Он посмотрел на часы, потом на Марусю вопросительно. Она сказала мне:
— Обещайте Алексею Дмитриевичу, что вы меня саму одну не отпустите и доставите домой на извозчике. Ему нужно в контору с отчетом, — а он боится, как бы я еще не уехала на броненосец.
Я ответил, что полагалось; и он попрощался, даже не сговариваясь с Марусей, где и когда они снова встретятся. Это могло означать и то, что они повздорили, и то, что уже раньше сговорились; я сообразил, что скорее второе.
Как только он нас покинул, из Маруси словно завод вышел. На дрожках она сидела подавленная и расстроенная, молчала и я молчал. Только и в ее мозгу неслышно стучал телеграф, и мне снова казалось, что я понимаю. Вероятно и ей чувствовалось, что я слежу за ее мыслями, потому что недалеко уже от своего дома она вдруг заговорила, не глядя:
— Вы были правы.
Я обернулся к ней, но ничего не спросил. Незачем было спрашивать, все ясно. Не для широкой степной и морской натуры твои полуподарки, Маруся; или все, или-.
Через минуту она сказала, скорее не мне, а для себя:
— А я по другому не могу.
Я молчал.
— Душонка такая, без размаха; на короткую дистанцию, — прибавила она злобно.
Я молчал. Она не двигалась, сидела прямо под моей рукой, обнимавшей ее талию, но впечатление было: мечется. Еще через минуту она с бесконечной тоской прошептала:
— Дайте совет… если смеете.
— Смею, — ответил я резко. — Надолго он здесь?
— Завтра хочет ехать в Чернигов.
— Так вы мне прикажите сейчас же, хоть на этом извозчике, увезти вас в Овидиополь; а завтра к маме в Карлсбад.
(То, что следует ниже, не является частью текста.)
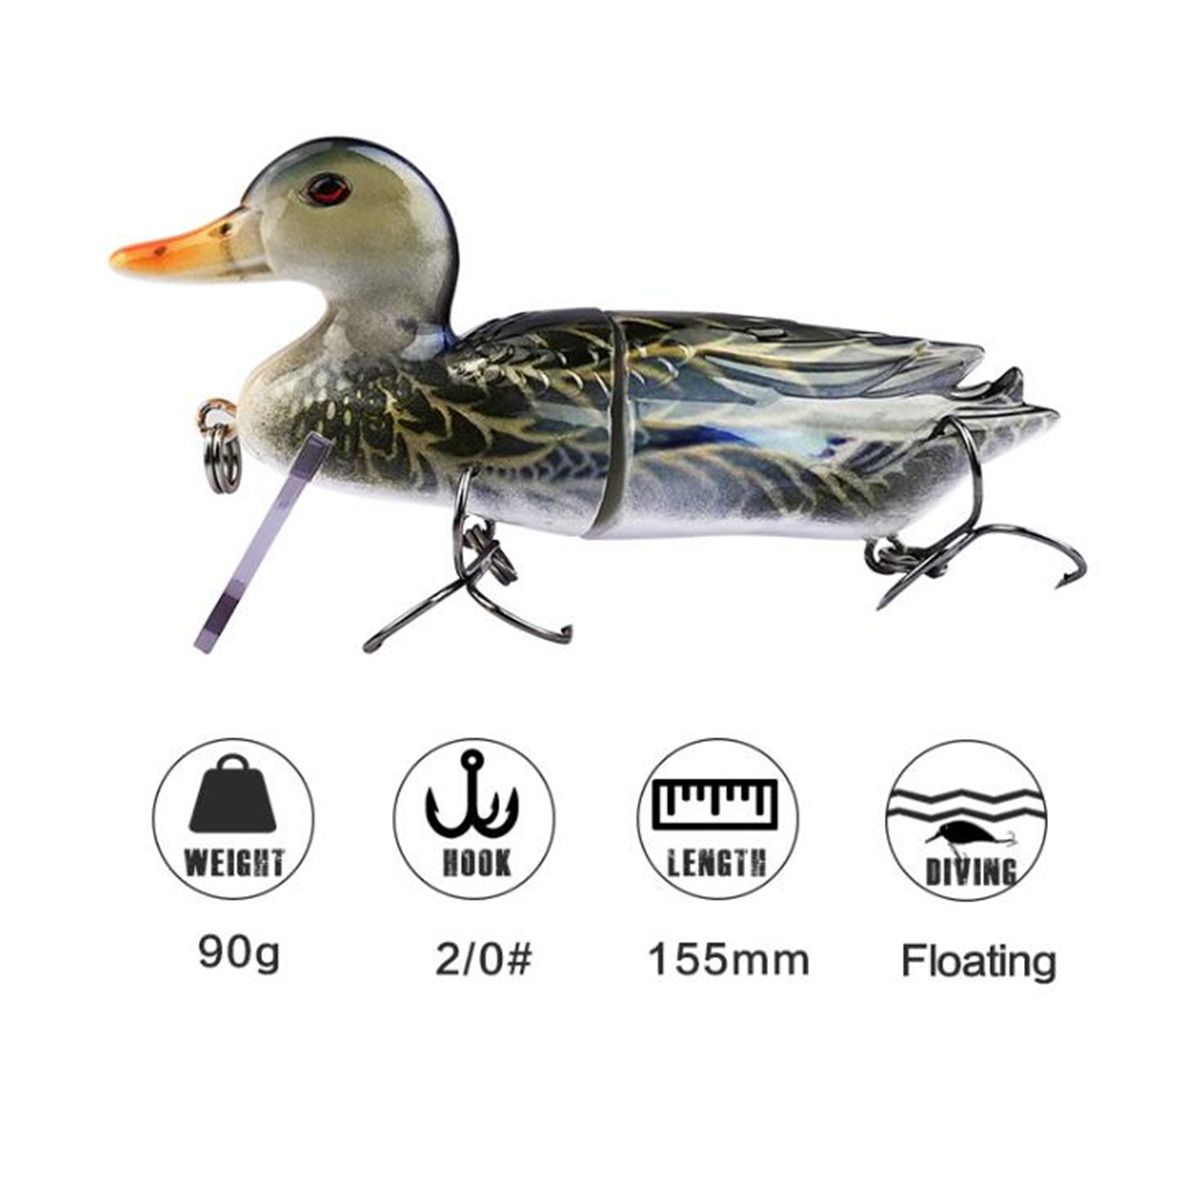 15cm-Topwater-Fishing-Lure-Duck-Floating-Treble-Hooks-For-BassPikeCatfishMusk-1494864

Она передернула плечами и перестала разговаривать. Мы подъехали к ее дому; звоня у двери, она мне бросила:
— Овидиополь, кстати, тоже сегодня здесь.
Не люблю я вспоминать о том дне: суеверно не люблю — с него началось, вокруг семьи, ставшей дляя меня родною, то черное поветрие, которому суждено было за три года превратить Анну Михайловну в Ниобею, и самый путь моих друзей окружить и чужими надгробными надписями. Но не люблю того дня и помимо этой личной боли. Мы его встретили благоговейно, верили, что это Он — денница денниц, начало долгожданных свершений. Может быть, исторически оно так и было; но глупые, неопытные, молодые, мы не предвидели, что хорал его, начавшийся набатом, в тот же вечер собьется на вой кабацкого бессмыслия.
XIX
ПОТЕМКИНСКАЯ НОЧЬ
Вечером, когда я был дома, зашел за мной Самойло: тоже, оказалось, случайно приехал за покупками для своего магазина и попал на праздник. Он у меня был впервые, сесть отказался: на улице ждет вся компания, решили пойти в парк и оттуда с обрыва глядеть, что будет твориться в порту; говорят в городе, что — будет «твориться». Все там, только Сережа-головорез в третий раз за день ушел в порт, уже прямо по массивам — все спуски теперь заперты полицией — но обещал тоже придти в парк.